Karena itu appa jadi tak bisa berbuat apa pun. Dialah satu-satunya orang yang bisa membuat kaki seorang Aramina membeku tak berkutik. Segala perilaku buruk terkendali aman di bawah kontrol appa. Benar yang dikatakan orang, anak perempuan akan selalu dekat dengan ayahnya, menjadi cinta pertamanya, dan menjadi tempat ternyaman dari incaran buaya buntung di luaran sana. Karena dialah cinta sejati bagi putri semata wayangnya ini.

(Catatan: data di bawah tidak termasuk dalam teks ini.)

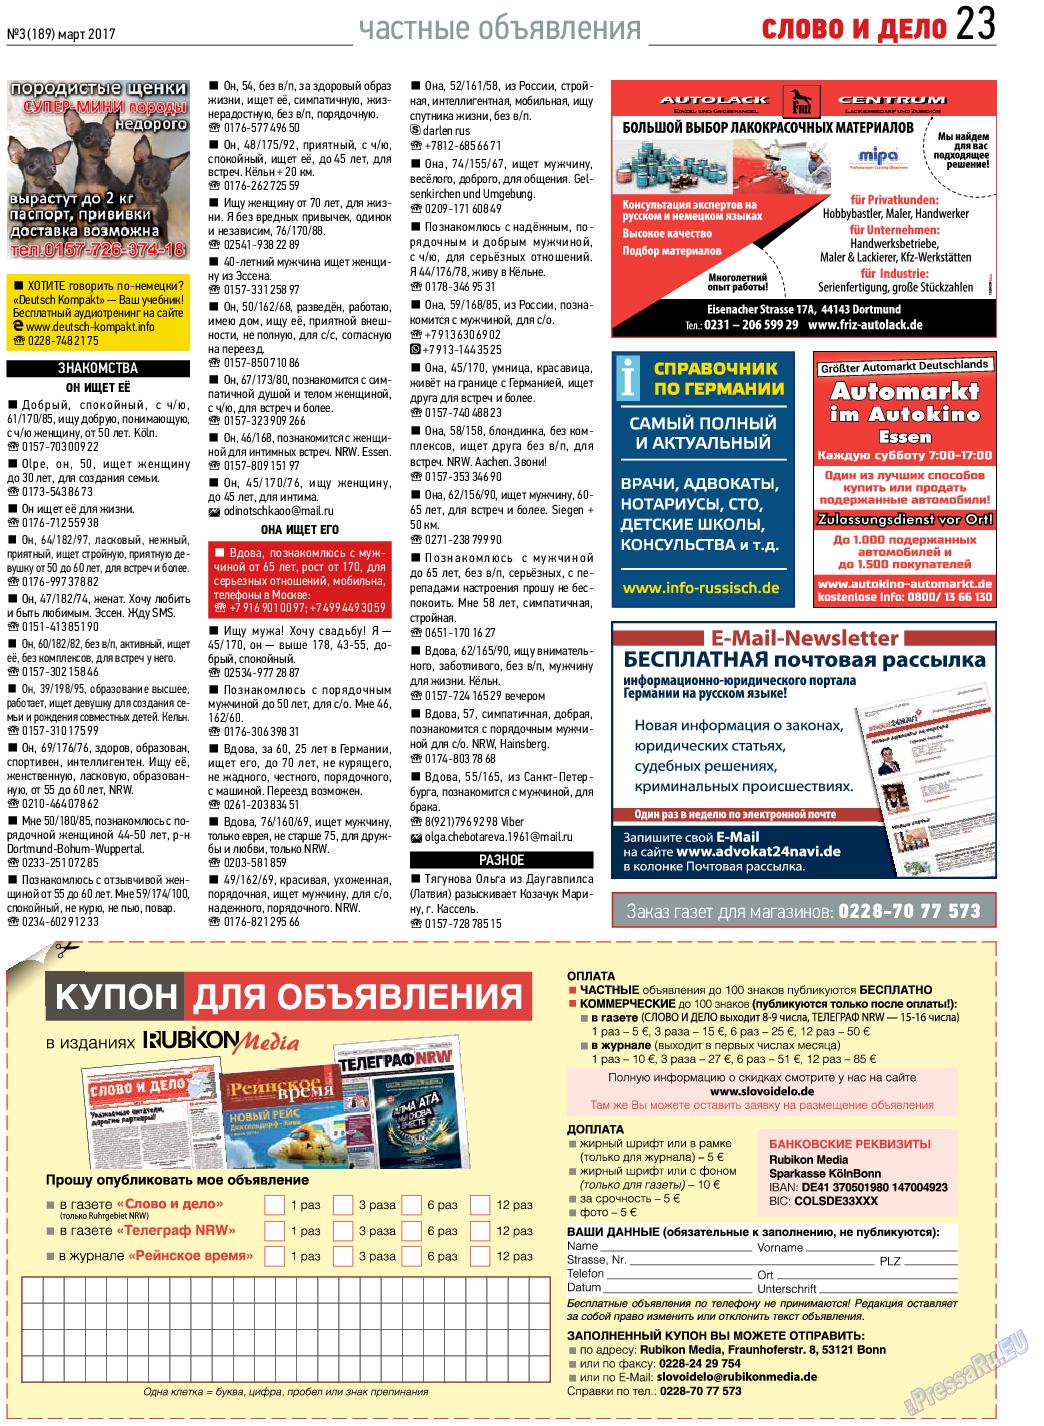 газета объявления знакомств читать онлайн

“Hhah! Ya sudah masuk sana! Lain kali telat jam 10-an kek biar kamar mandi ini milikmu.” Setelahnya si cantik ini melenggang keluar menenteng peralatan mandi khusus yang kusimpan selalu dalam kamar. Why? Karena abang selalu curang, memakai semua dengan sembarangan. Bayangkan deh, facial wash yang kupakai saja ketika hendak dipakai malah sengaja dikit-dikit supaya tahan lama. Lah, Abang cunguk itu malah seabreg-abregnya. Bagaimana tak darah tinggi Aramina di usia semuda ini? Kan?
“Dek, pinjam sabun.”
“Arghhhhhh!”
“Pencuci wajahnya saja.” Tawar bang Satria.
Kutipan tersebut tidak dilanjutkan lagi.